Bioinformatics Exercises
  B.Problems. Sequence Analysis I
  Writer : Seyeon Weon   Updated : 10-14   Hit : 7595   Updates 

(For those who have taken the courses and want to submit for evaluation, please read the instructions linked on the table of contents page.)

Install the lastest version of bioperl and write perl scripts for the following works:

  1. Obtaining Sequences by Entrez Search:

    Write perl scripts for the following works. Submit perl scripts only. Do not submit the results.
    1. Using bioperl, search GenBank with a keyword of your choice and retrieve entries. If you don't have any preferred one, use "leghemoglobin". Store the entries in files for later use. (If you are using NCBI site, don't go too far with this assignment. If you want to do real thing, you need your own GenBank locally. In other words, the number of entries retrieved should not be something like tens of thousands. However, since you have to do multiple alignment with them, the number should be more than 50 or so.)
    2. Parse the files and extract all the protein sequences in CDS fields, and store them in a concatenated fasta format file.
    3. Parse the files from 1.1 and create a summary file which contains "VERSION, GI, protein_id, MEDLINE, DEFINITION". (Use new line as the field separator. That is, each field occupies a line.)

  2. Obtaining Sequences by BLAST Search:

    Write perl scripts for the following works. Submit perl scripts only. Do not submit the results.
    1. Select (carefully) one sequence from 1 and run BLAST search using BLASTP.
    2. Retrieve entries with the expect values higher than a threshold of your choice and do the same works as 1.1, 1.2, 1.3 omitting protein_id for 1.3.

  3. Redundancy Removal:

    First, install BLAST locally without databases. (Of course, you can install databases if you can afford.) Or, you can use other alignment tools such as Smith-Waterman and local FASTA if you prefer.
    1. Merge the protein sequences obtained from 1 and 2 while removing the same protein sequences by comparing protein_id and VERSION. Submit the perl script for it.
    2. Do pairwise alignment for all possible pairs of the sequences. Write the perl script for the automation of the alignment job and the matrix creation. The value in the matrix should be "Expect value, Score, and three values for Identities". Therefore, 5 values in total per entry.
    3. Decide the cutoff value for the length and percent identity and remove the almost identical sequences. Submit the list of the first 80 amino acids from each sequence after the redundancy removal.
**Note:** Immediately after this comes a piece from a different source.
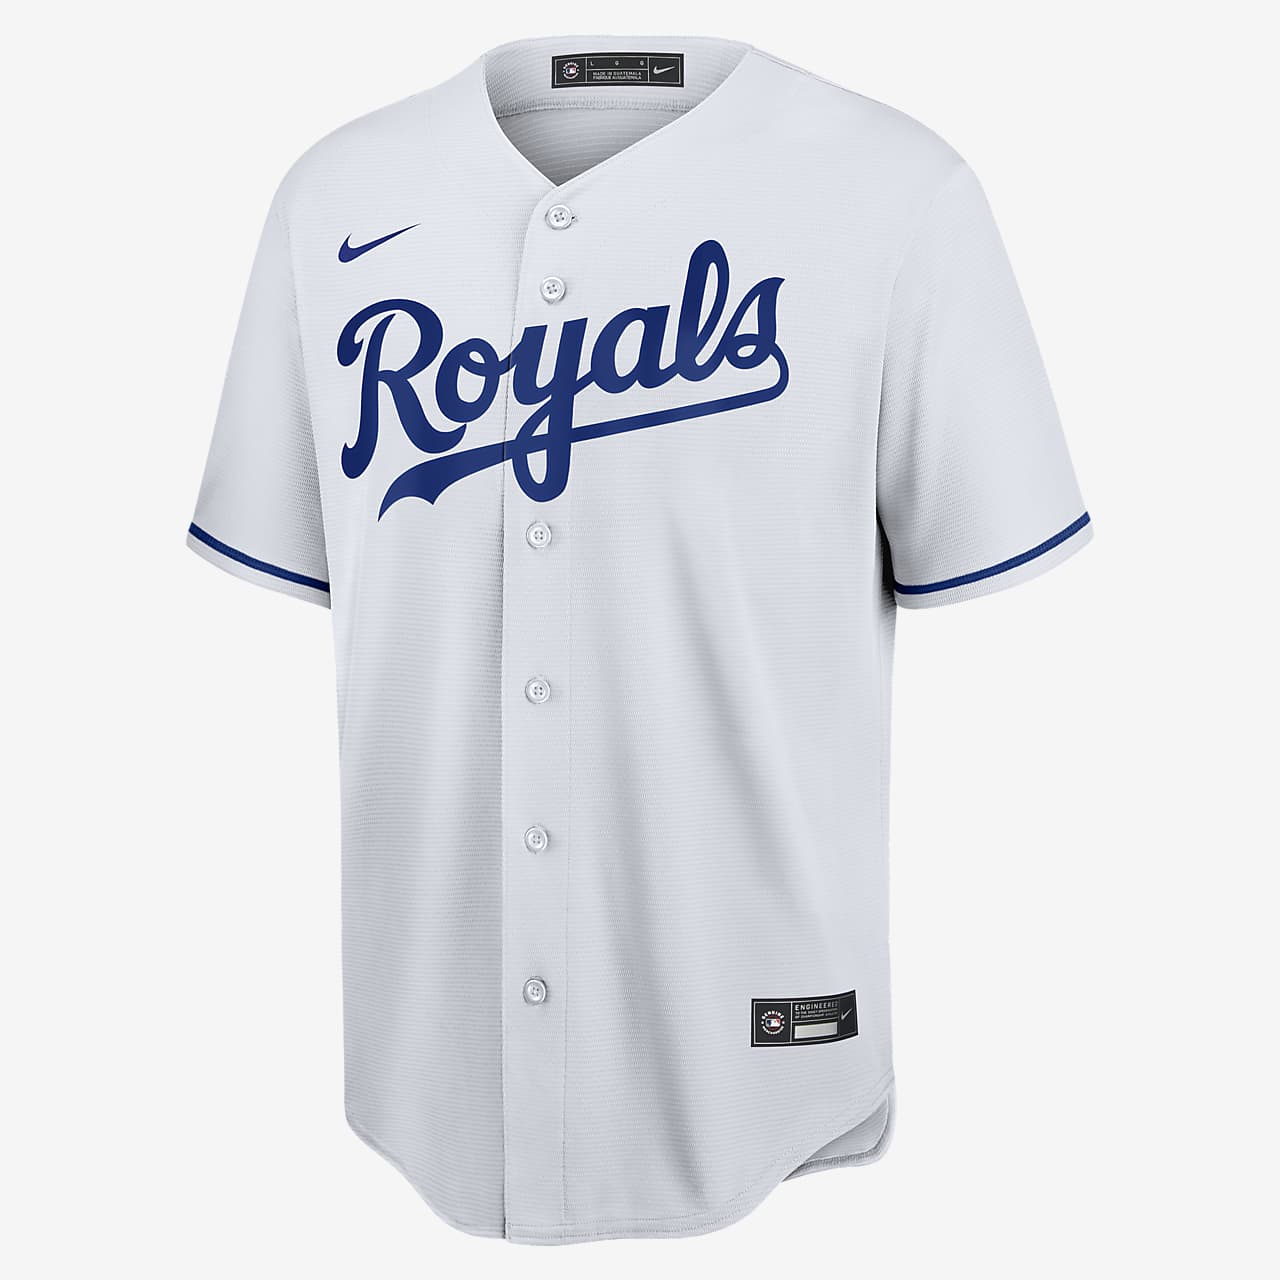 kansas city royals baseball jersey

  4. Clustering and ClustalW:

    Well, this is not exactly "the" method we usually do, but a perfect combination occurred here. So, do the following:
    1. Do the clustering of the final matrix from 3 using bioperl's k-mean clustering module. Which one, among Expect value, Score, and Percent Identity, would you use for clustering? Also, submit the perl script.
    2. Briefly describe the disadvantage of using k-mean clustering instead of other clustering methods for this purpose. (Hmm... Let's contribute some codes for bioperl...)
    3. Explain what you have obtained. That is, number of clusters, brief description for each cluster, and so on. Also, if these works that you have done so far for obtaining sequences and removing redundancy were for a real research, what would you do more?
    4. Choose one of the clusters and do multiple alignment using ClustalW. Of course you need to install Clustalw locally. Submit the perl script and the resulting alignment.

  5. PubMed:
    1. Retrieve medline record (including abstract) for each sequence in the cluster you used for the multiple alignment. Submit the list of title lines and the python script.
    2. Briefly describe what you could learn about the proteins in the cluster by reading the abstracts.